Judging from the different sizes of the females which included perfectly developed ova, I infer that they must breed more than once during their lives; and therefore, that successive sets of males, as in the genus Scalpellum, must become attached to them. I was not, however, able to discover the prehensile antennæ or other remains of the old males adherent to the females; a circumstance which I presume is accounted for by their attachment being weak. Considering the very small size of the male, it is not surprising that so many,—in one case fourteen,—are required to impregnate the numerous ova of a single female. How the males know the proper period when the ova, lying in a sheet at the very base of the sack of the female, are ready for impregnation, I cannot say, without it be that they perceive the moulting of the external membrane, close to the edge of which they are attached; for this moulting would indicate the period when the ovigerous lamella came to the surface of the sack, and the ova would then be soon ready for impregnation. From the position in which the males are attached, and from the extraordinary length of the probosciformed penis, capable of voluntary movements, I have no doubt the males can insert the tip of this organ within the lower edge of the orifice of the sack, and there discharge the spermatozoa, which, by their own movements, must pass down the sides of the sack of the female till they reach their proper destination. The position of the males, with respect to the female’s body, is almost exactly the same as that occupied by the complemental males of Scalpellum Peronii and villosum; the lower and narrow end of the fissure, worn in the gasteropod shell, here affording that protection to the males, which the edges of the opposed scuta afford to the complemental males of the above two species of Scalpellum. We cannot doubt that these latter males aid in the impregnation of the ova of the hermaphrodites, but they are not furnished with a very long penis, probably for the very reason that they are complemental males, and therefore not so absolutely necessary for the impregnation of the ova as are the males of Alcippe.
I have, in my former volume, expressed my astonishment at the extent to which abortion had been carried in the male Ibla; but it has been carried much further in the male Alcippe. In Ibla, the thorax is reduced to a mere flap, and only two pairs of cirri exist in a most useless and rudimentary state, but there is a well organised mouth, stomach, and anus. In the males of Scalpellum vulgare, ornatum, and rutilum there is no mouth or stomach, but there is a thorax with four pairs of minute, modified cirri, and a large abdominal lobe. Here, in the male Alcippe, all these negatives are united, we have no mouth, no stomach, no thorax, no cirri, no abdomen!
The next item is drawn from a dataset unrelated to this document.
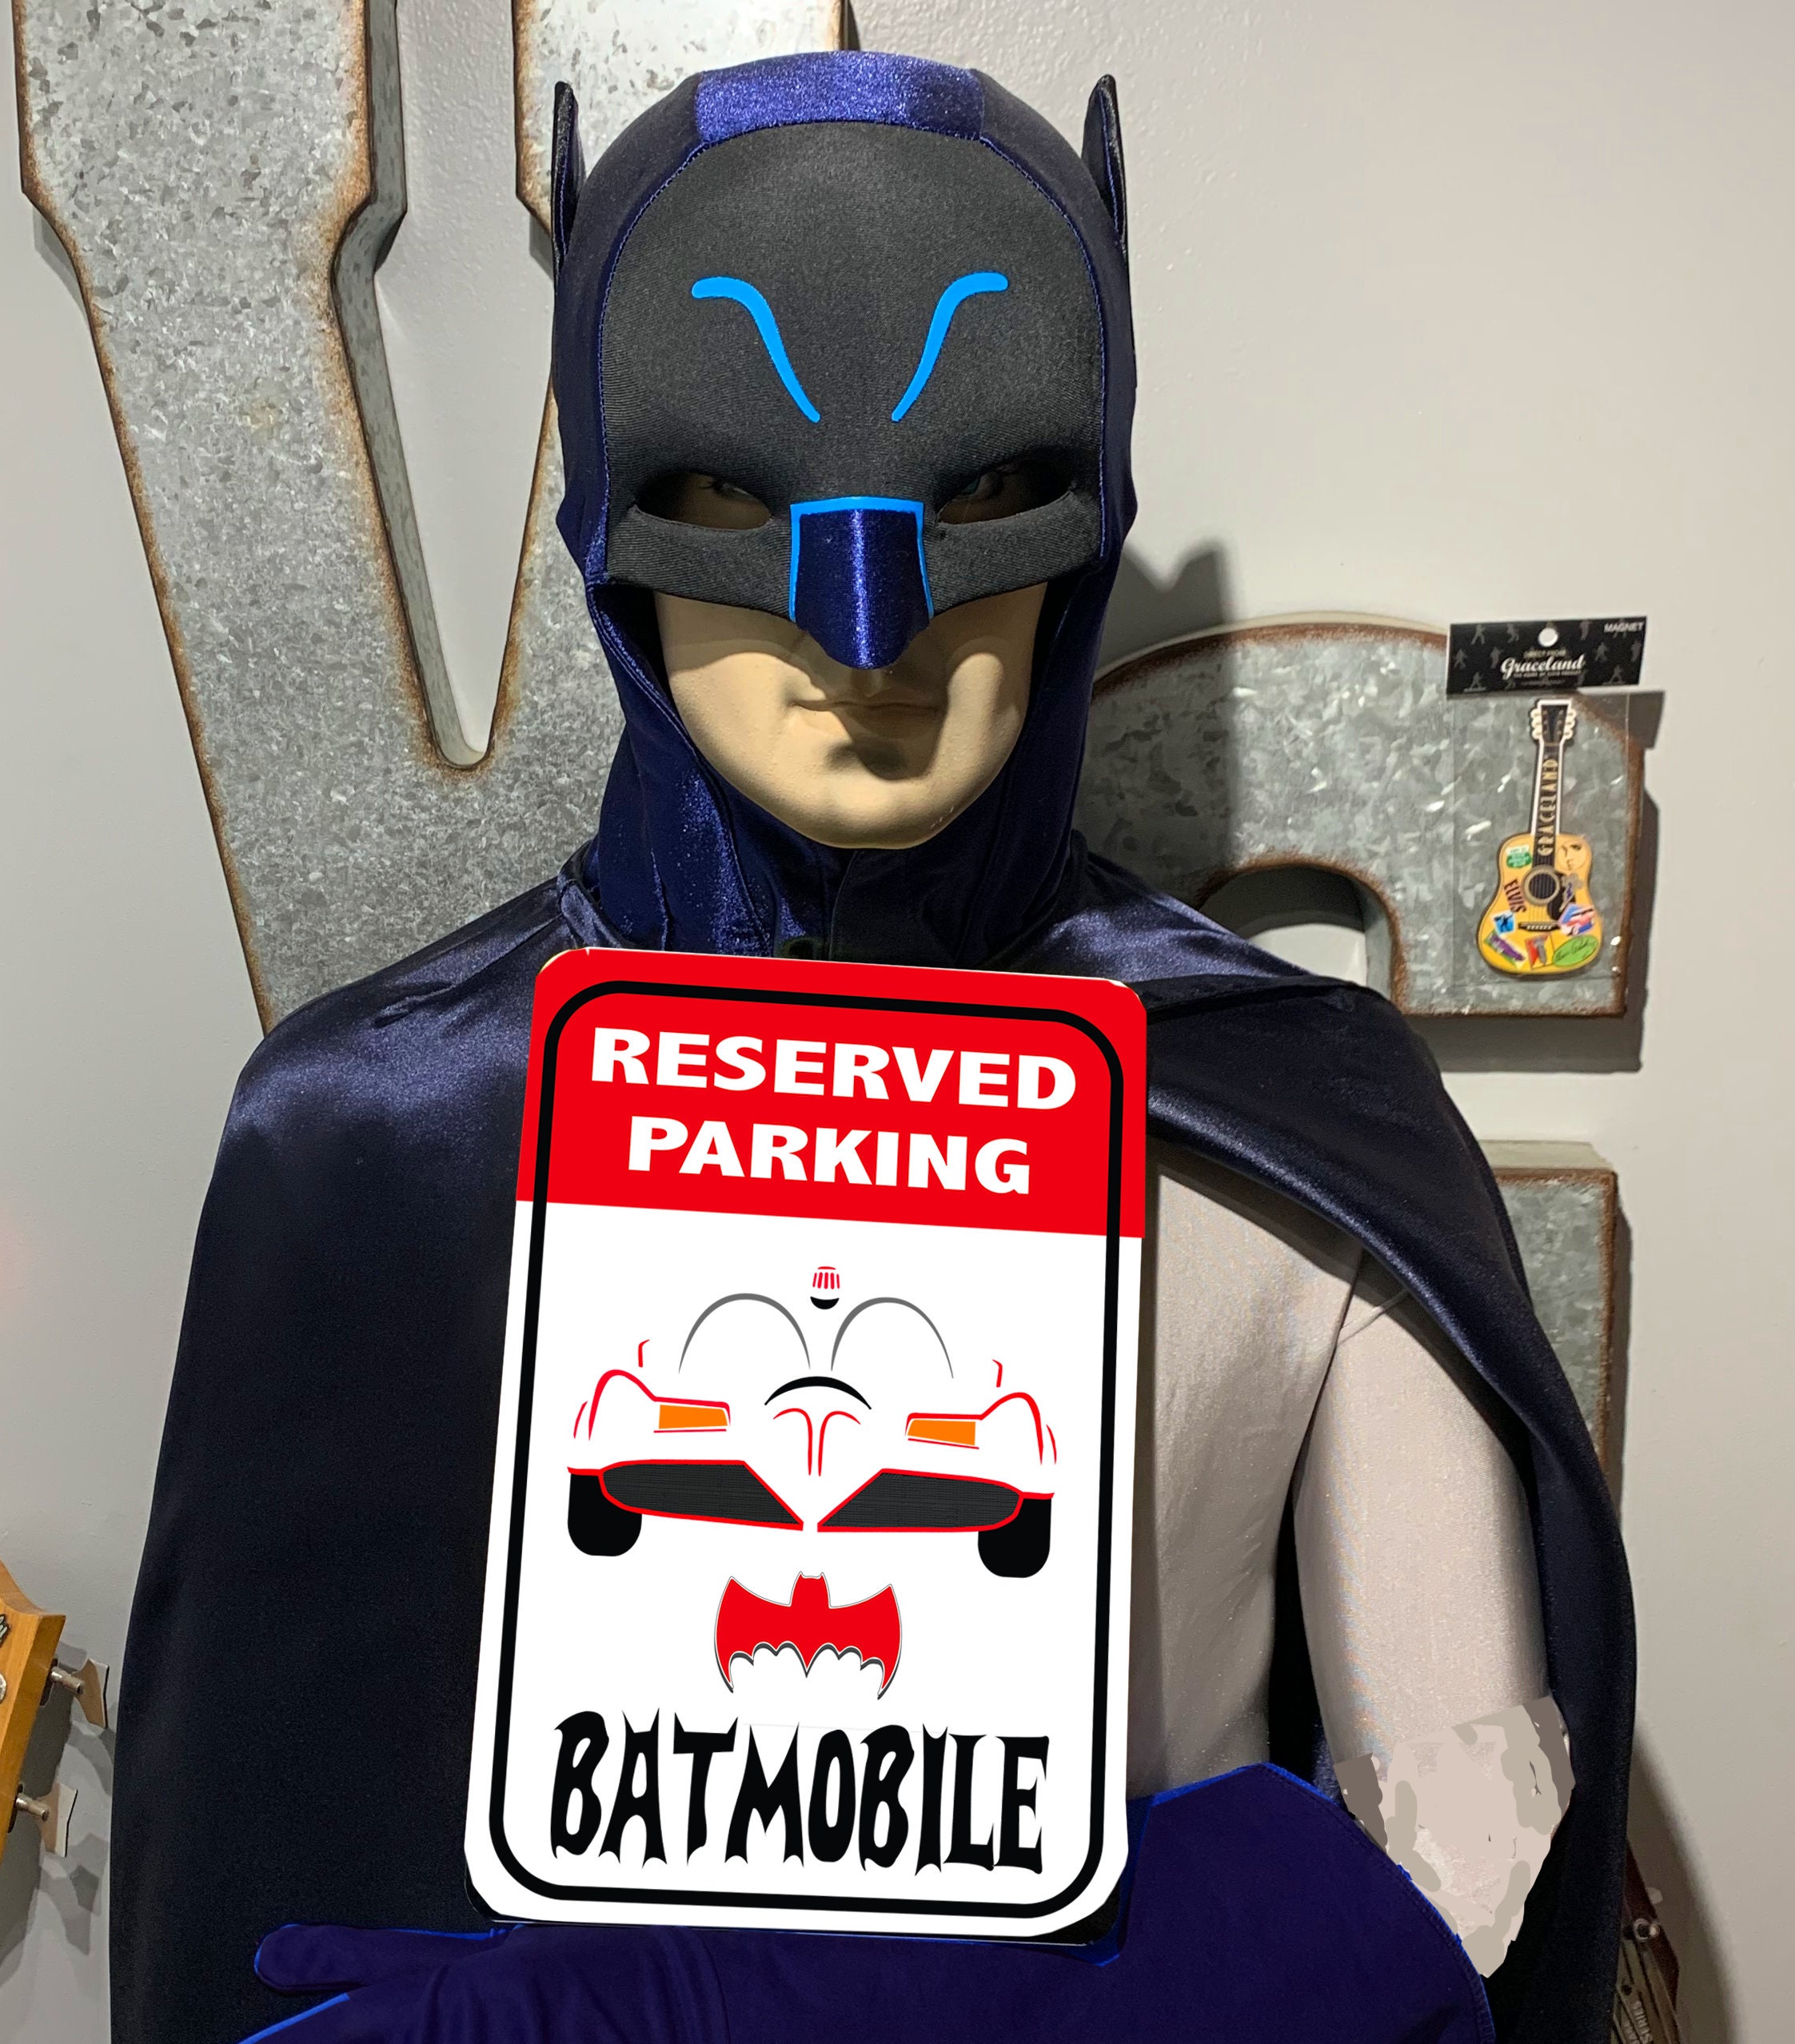 Batmobile Parking Signdont Let Someone Take The Caped Etsy

The archetype crustacean consists of twenty-one segments; of these the seventeen anterior segments can be clearly made out in the archetype Cirripede: now, in the male Alcippe, the first three segments are largely developed, forming all that is externally visible, but the remaining fourteen segments are absolutely aborted, but in idea may be considered as forming the membranous depression whence the probosciformed penis springs; for this organ normally arises at the extremity of the seventeenth segment. To show the wonderful diversity of nature, even in the same sub-class, I may be permitted to remark, that whilst in Alcippe only the three anterior segments are developed, the fourteen succeeding segments being rudimentary, in Proteolepas (hereafter to be described) these fourteen segments are all largely developed, whilst the three anterior segments are quite aborted, being represented only by a thin envelope to the two threads by which this Cirripede is attached to the supporting object.[149]